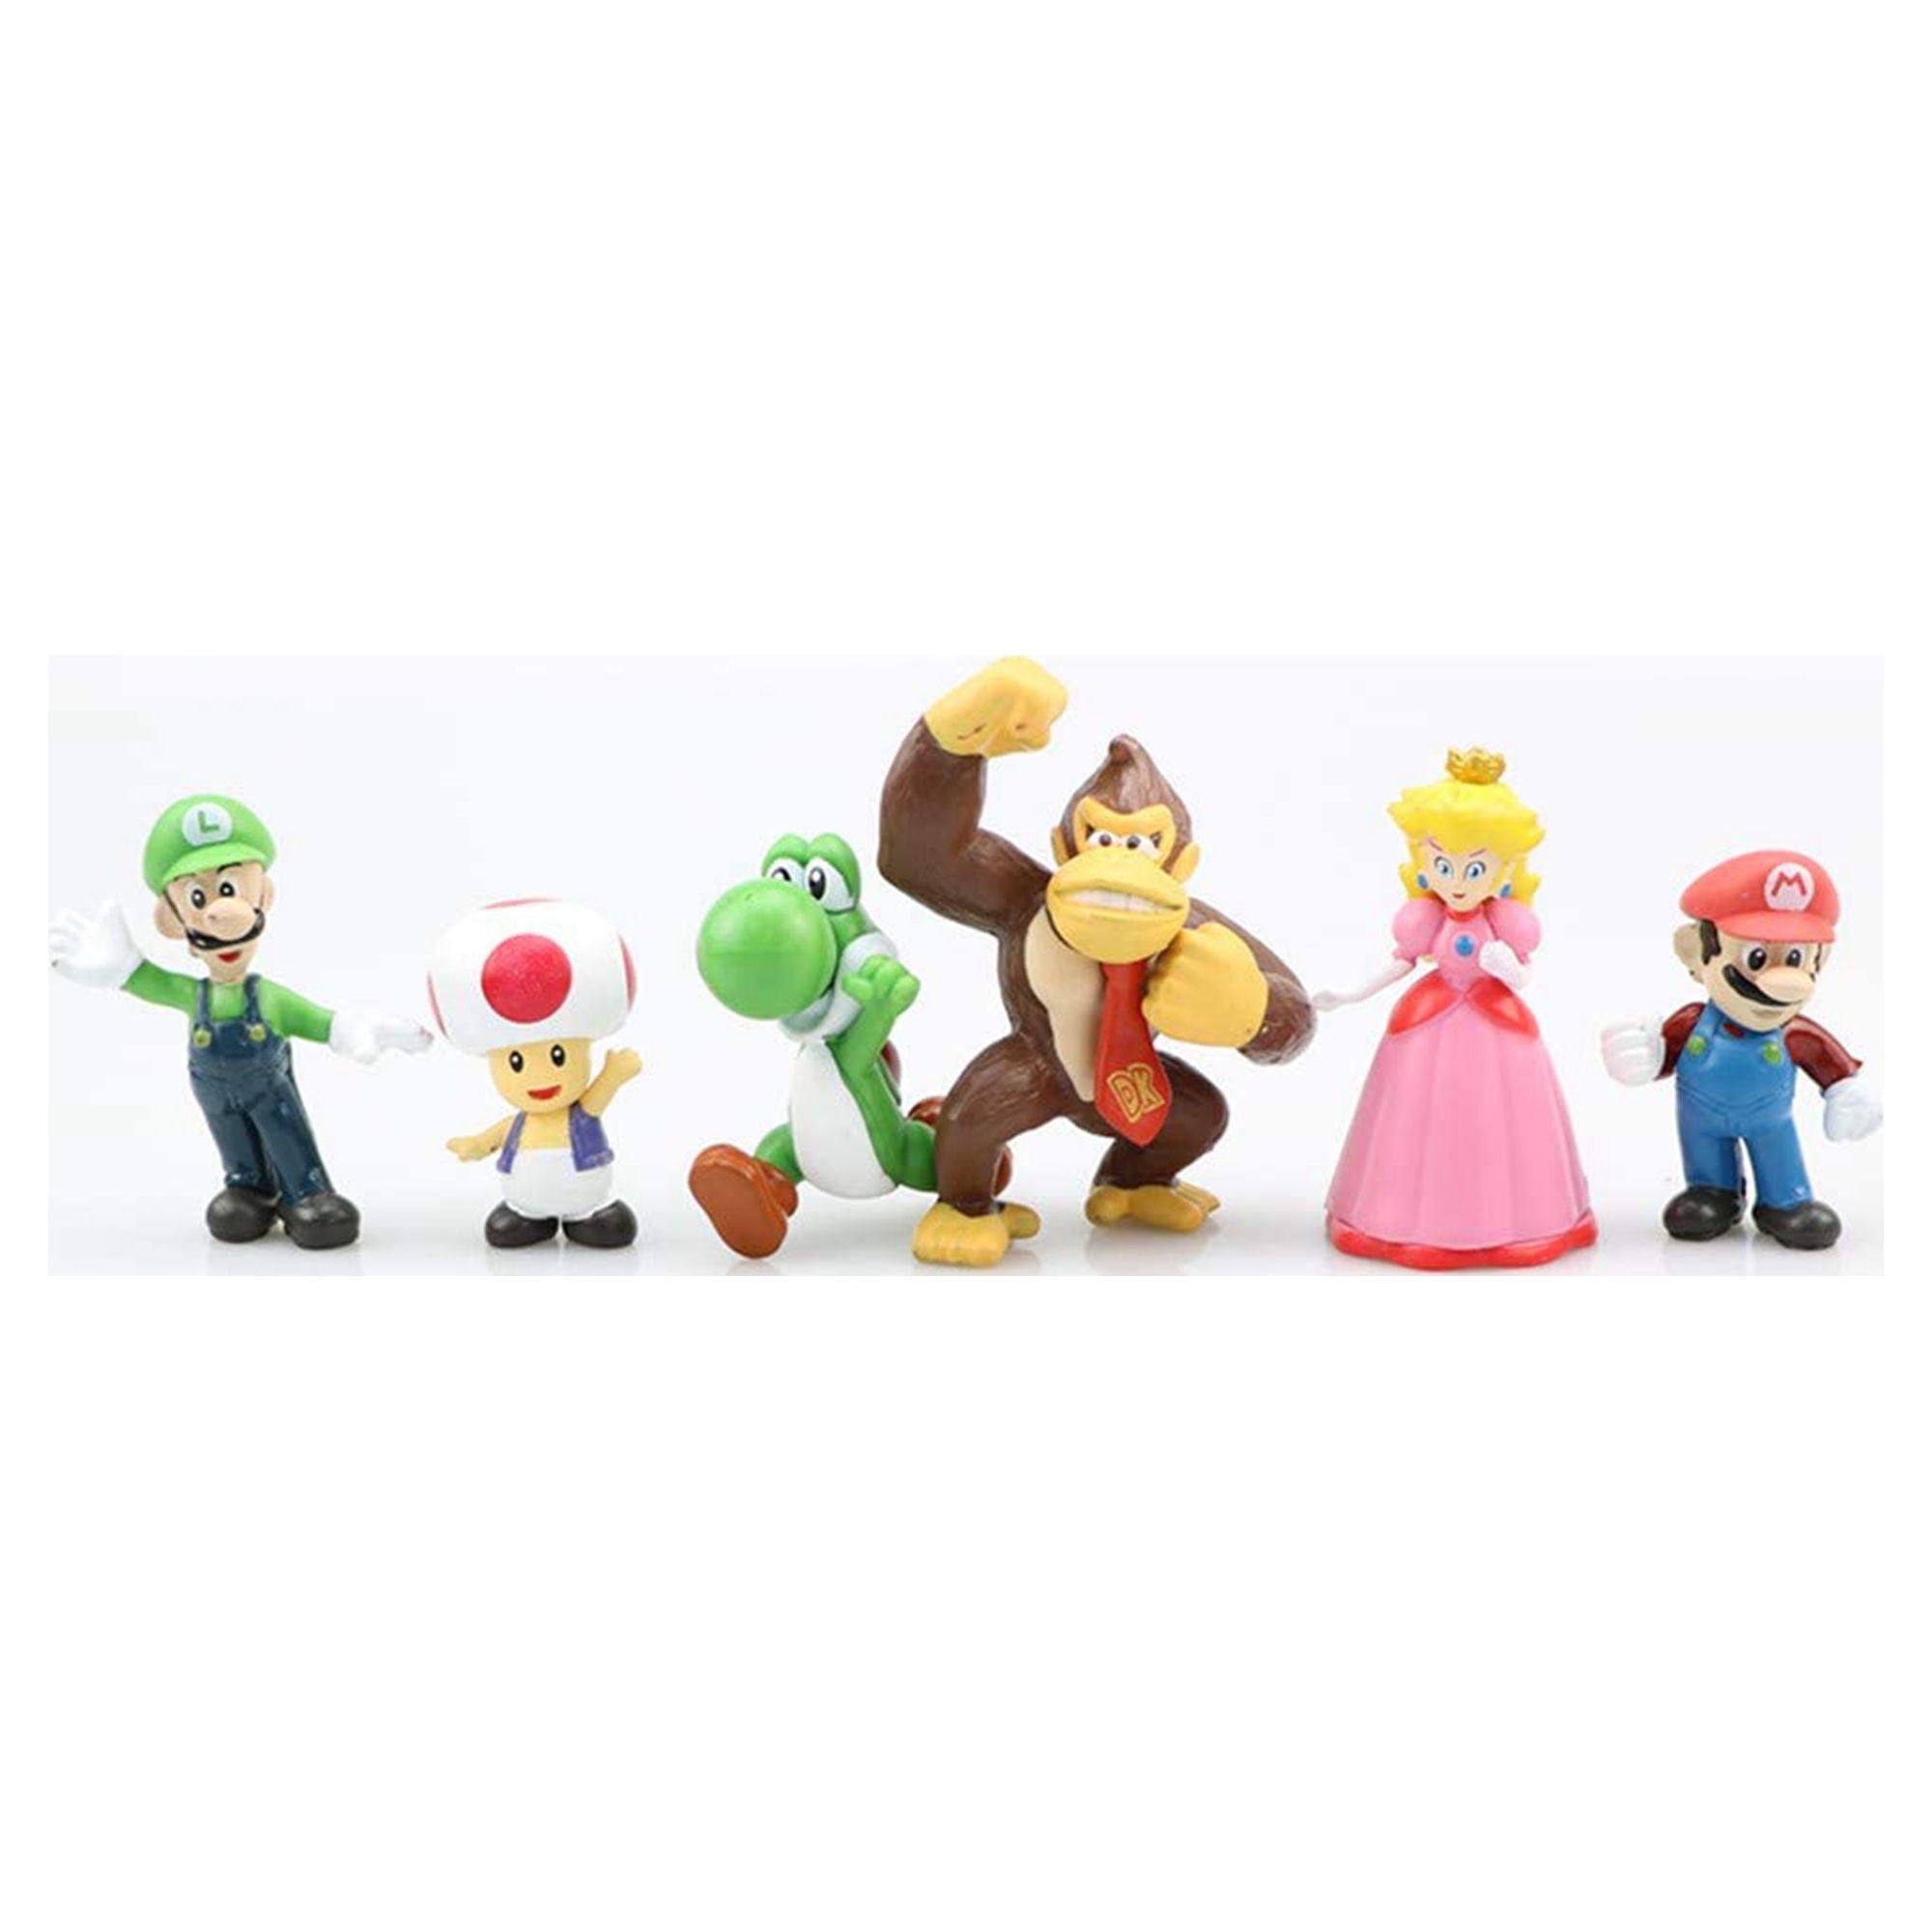 Popco Super Mario Series 1 Set of 6 Mini Party Figures Mario, Peach, Toad,  Luigi, Yoshi Donkey Kong
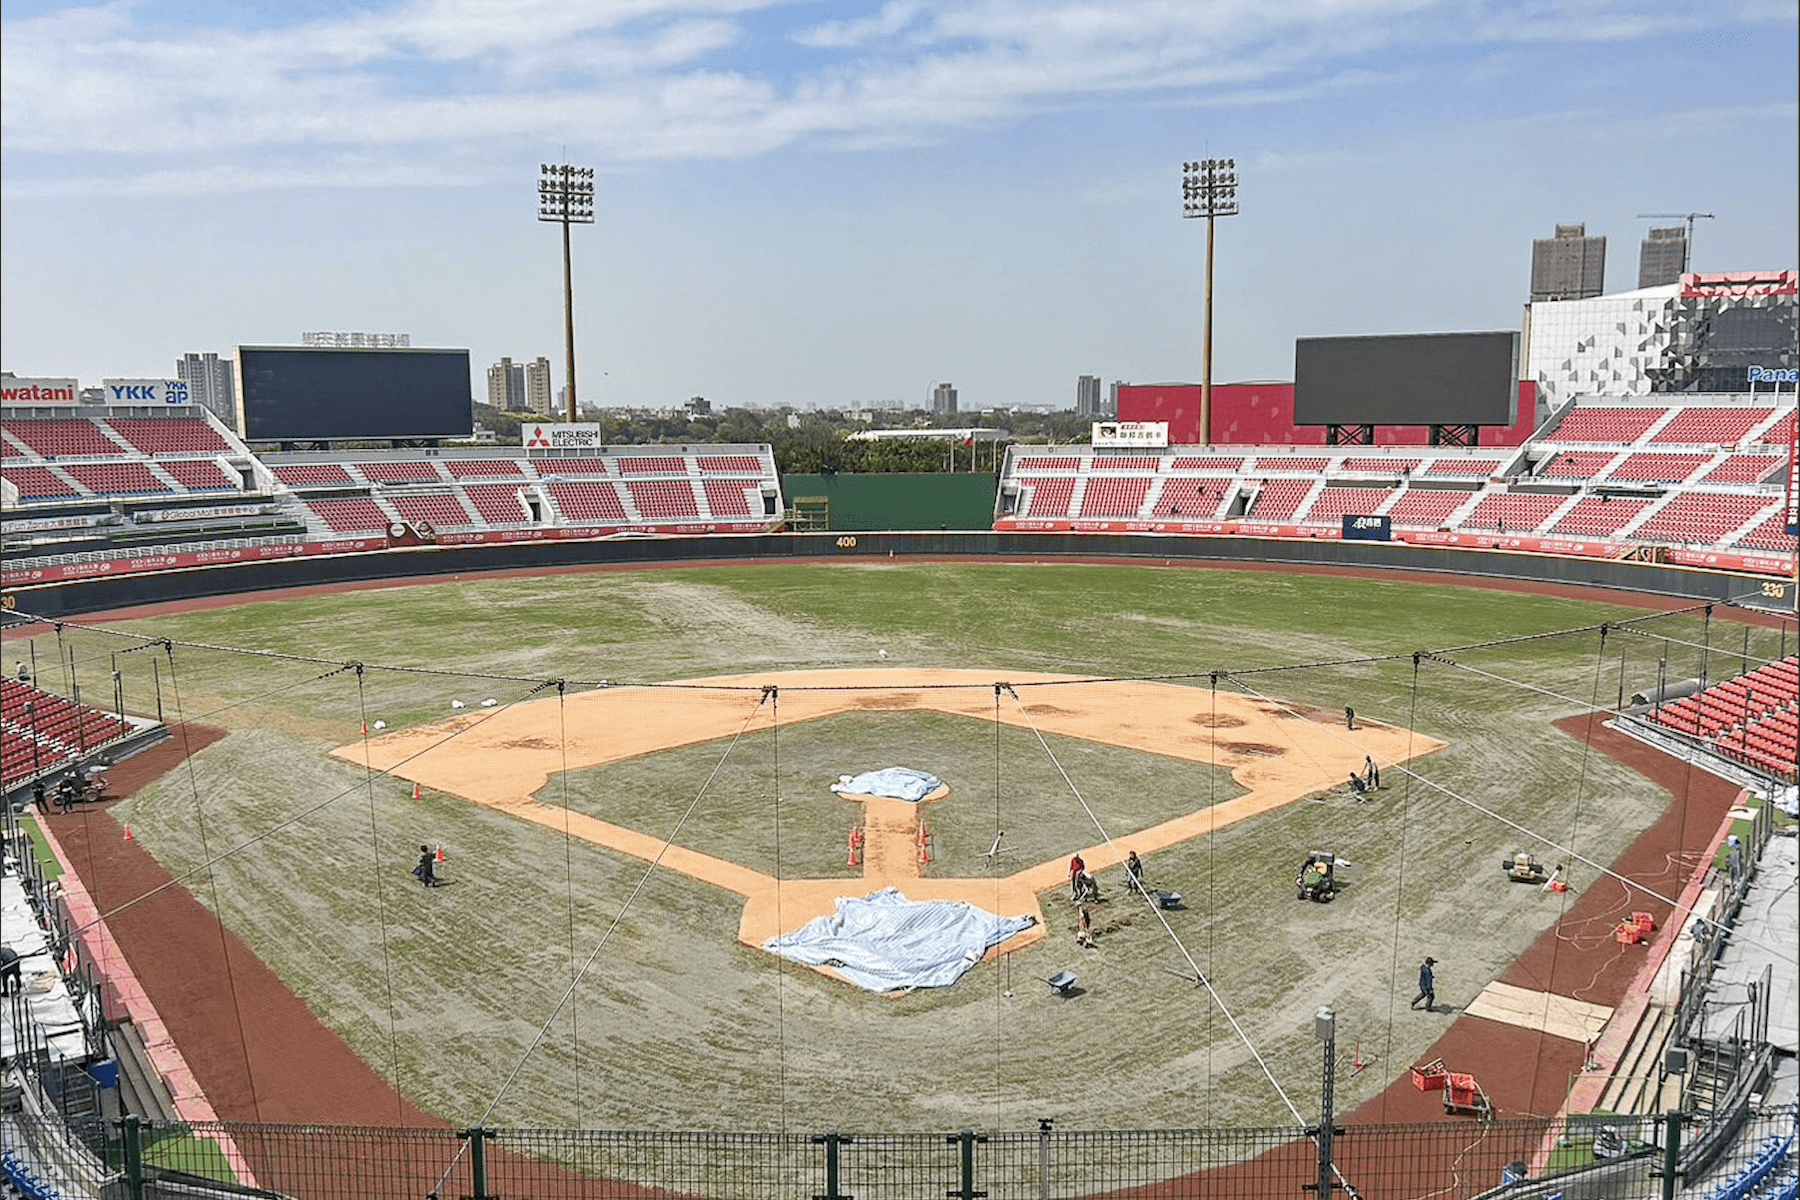 樂天桃園國際棒球場改善工程進度近9成-美日韓技師協助鋪設紅土
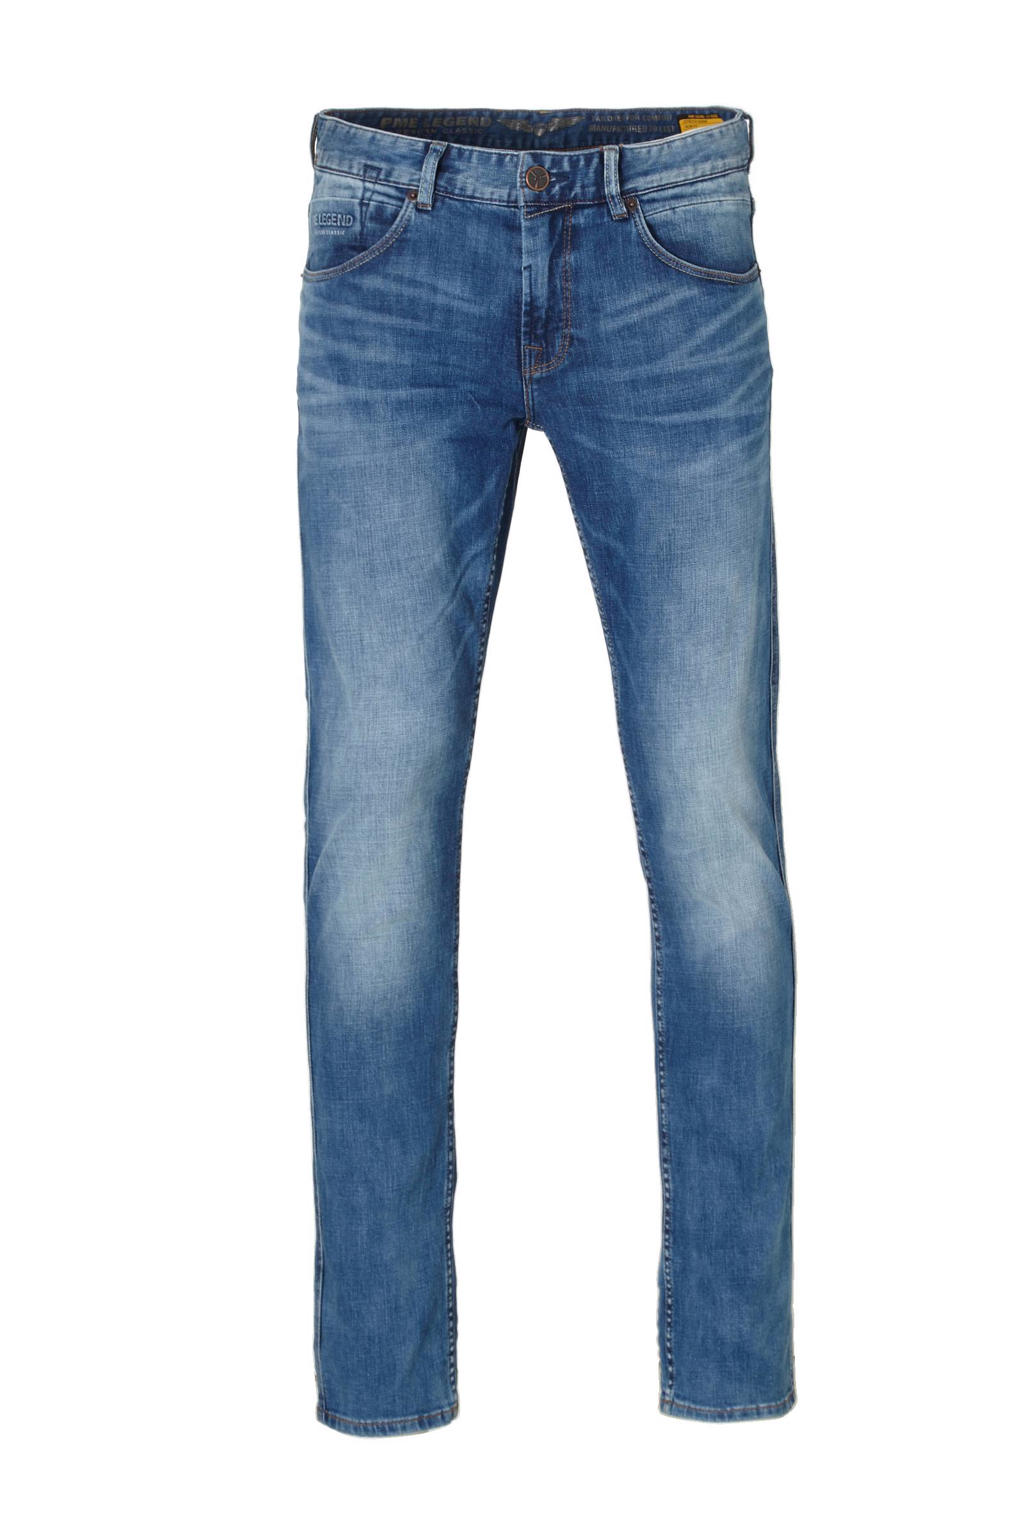 PME Legend regular straight fit jeans Nightflight FBS medium used

## What to produce:
Pictures excluded, output exactly the line that contains "樂天桃園國際棒球場改善工程進度近9成-美日韓技師協助鋪設紅土" and every line after it to the end of the data above.

## Output of the task:
 樂天桃園國際棒球場改善工程進度近9成-美日韓技師協助鋪設紅土
 PME Legend regular straight fit jeans Nightflight FBS medium used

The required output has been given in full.